Since way, way back, tourism has long been the bread-and-butter life of Baguio’s economy, an economic driver that has made possible much of the modernizing advances we’ve been having. Yet, in recent years, tourism has had its share of brickbats, mostly from residents who may have had enough of all the things that they say are tourism-generated.
With tourists jamming up every nook and cranny, traffic congestion seems to be an affliction everywhere, roads are clogged up end-to-end even in unheard places. Nightlife has become a petty nuisance, as pubs and bars compete for carousing clients. Every cuss word may have been cast every which way where tourists converge.
It isn’t surprising that the derisive word “overtourism’ may have taken off from what is experienced every time the great swelling crowds are here every little chance they get. That experience gets magnified when the horde is up here. That’s all because overtourism promotion, when just about everyone is here for the precious time of escaping the summer heat, but mostly during super events that are actually staged precisely to raise tourism several notches up.
It is this very experience that the Baguio Tourism Council, reactivated after more than a decade, has opted to face head-on as key stakeholders grapple with on-the-ground realities. In recent years, hotel occupancy has been on a downtrend, with hotels and inns barely able to make do a given year. About the only time that their facilities are substantially booked is when a festival is underway.
On super-events like Christmas, Panagbenga, and the summertime episodes of city life, they come in significant numbers, family-by-family, enticed to take a breather or two on rejuvenating climes uniquely Baguio’s. Land travel has been abbreviated enough for the visitors to be up in the clouds through a relaxing 3-1/2 hour drive through expressways.
On just about any ordinary day, they still come up, admittedly in reduced numbers, but they still do. Without having to be brash about it, let’s be frank: Baguio, despite the warts and woes of a muddling city life, remains to be a topnotch getaway destination. Our cooling climes, mainly from the only natural air-conditioning system operating nowhere else, are enough to lure them in at the slightest pretense.
No weekend treats can top off the refreshing environment one gets to experience when in Baguio. Every small chance available, they’re suddenly upon us, an overtourism that suffices to make many resentful that tourists are around. Regulating tourism appears to be a sensible reaction, if only to check the congestion it brings into hapless citizens like you and I. But does it really do that? Wouldn’t it in fact kill the goose that lays the golden egg?
The coming Christmas celebration here in Baguio may well offer the insights that can lay the foundation of a midterm and long term tourism plan for an industry crying for attention at this time. The goal is simple and clear: how do we inculcate a tourism brand like Festival Tourism as a way to bring out the best in what Baguio can offer?

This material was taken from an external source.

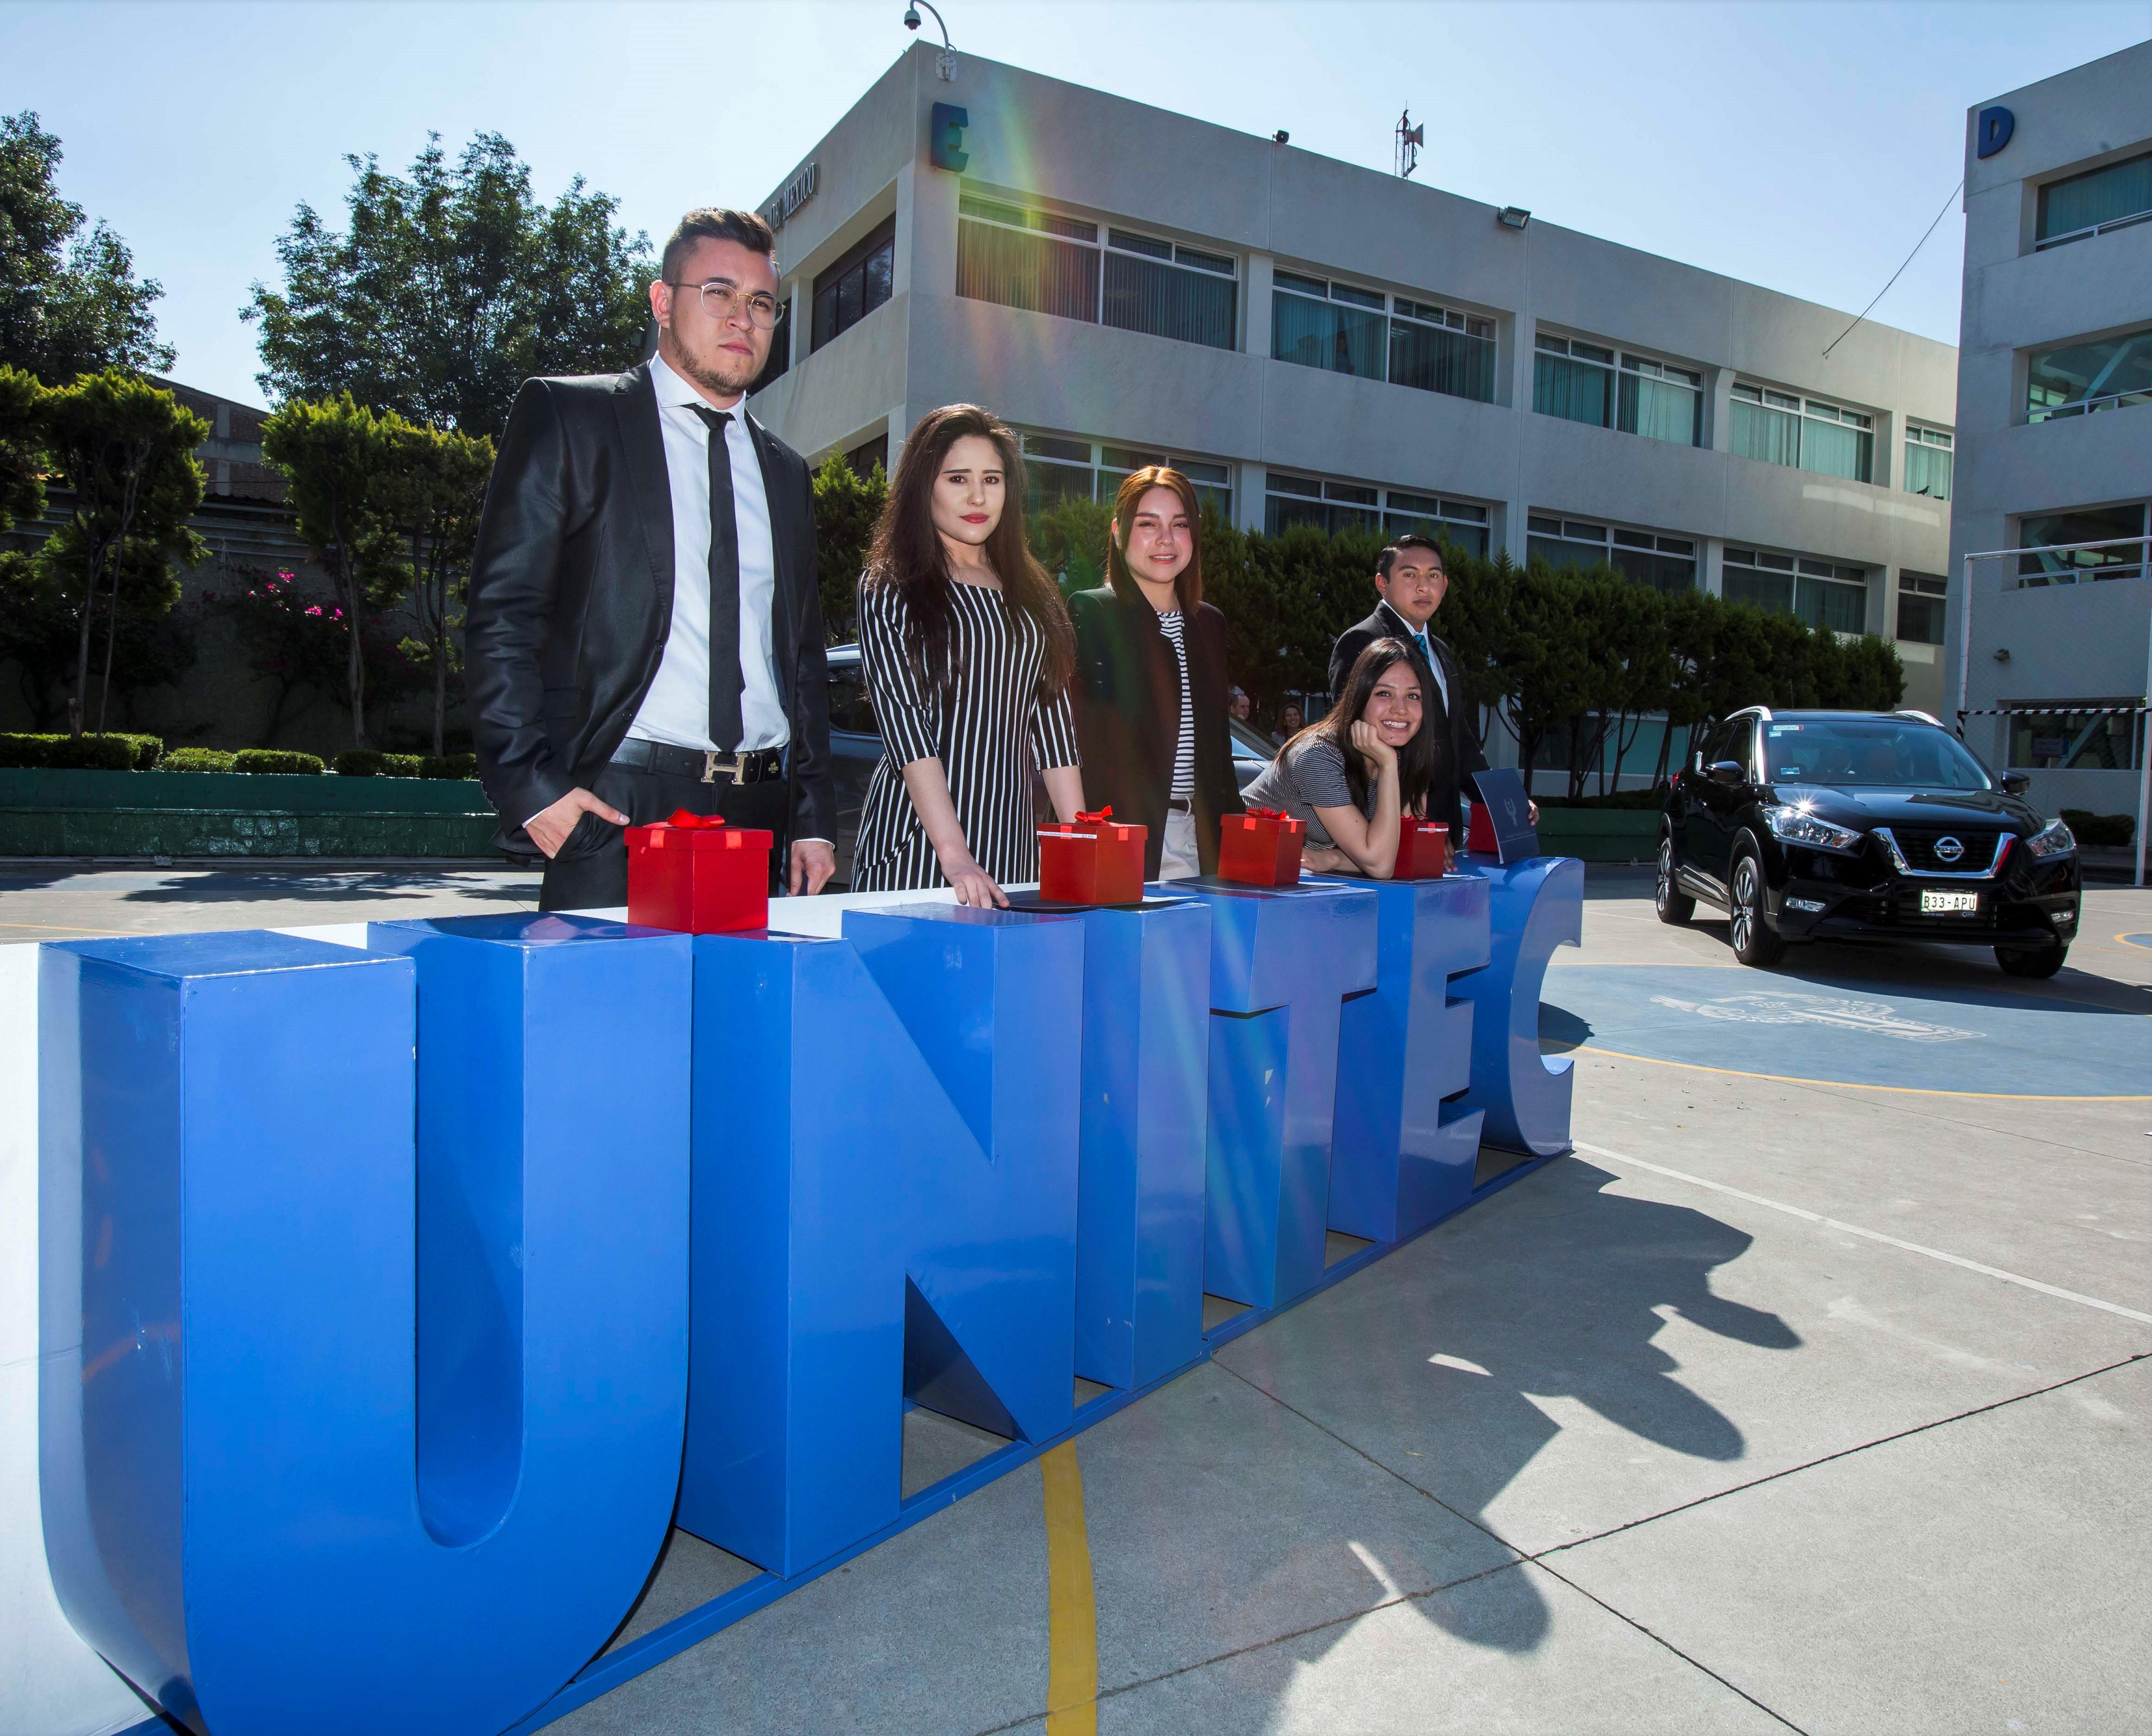 Nissan y UNITEC reconocen el talento universitario de 10 estudiantes - Featured Image

For years, Christmas in Baguio has always been just the time for families to reunite, for friendships to be reaffirmed, for relationships be re-defined in relation to our sense of piety. It is celebrated every which way we can for family bonding, through events and activities that have been traditional, and therefore well-established.
This time around, something is new and innovative, a curated Christmas Market that is well in vogue in European cities, hardly the tiangge or baratilyo kind of enterprise that has given trade fairs and exhibitions the undeserved bad name in recent years.
Christmas bargains from well-decked shops adorned as chalets will be the stellar attractions, from roasted chestnuts, delectable cuisine, cosmopolitan beverages, memorable souvenir items to signature clothier and knick-knacks that have had no December appearance till now.
A two-month long celebration, from November 15, 2019 all the way to January 15, 2020, An Enchanting Baguio Christmas — that’s what the thematically influenced Festival is signature — promises to be a panorama of sights, sounds, and sighs that projects a multi-sensory experience of the Yuletide Season erupting in the crowd-converging places.
Even now, the BTC stakeholders are in guarded anxiety if the planned events and activities will induce the unique joy of celebrating Christmas the Baguio way, by innovative new events drawn together by a community of people interested to engage and be engaged with each other.
Make no mistake about it, this is simply the initial step of what is accepted as a long mile. On long-term, there is need to energize the tourism sector in harmony with our natural environment, admitting that the industry can only thrive in an environment whose resources — the mountains, the forest cover, the trees, the water and air bred from these — are well-protected, preserved and nourish enough to secure posterity.
We recognize that tourism direction has to be fleshed out now, not just in sensitive consideration to residents’ sentiments, but precisely to keep us in line with global trends now dictating the tempo, style, and substance of tourism initiatives. Strategies that have long been the established norms in plotting tourism drives do need to be re-visited in keeping with the times, made more relevant by pressing environmental needs for protection, conservation, and even regeneration.
That is why it makes absolutely good sense to hear other voices — not just mine and yours — for our city’s tourism campaign to accept fresh initiatives in terms of policy, people, facilities, standards, and events, which is what tourism is all about. Fortunately, Baguio will always serve as a magnetizing charm anytime, anywhere, a shining example of family-oriented tourism that has been its hallmark all along.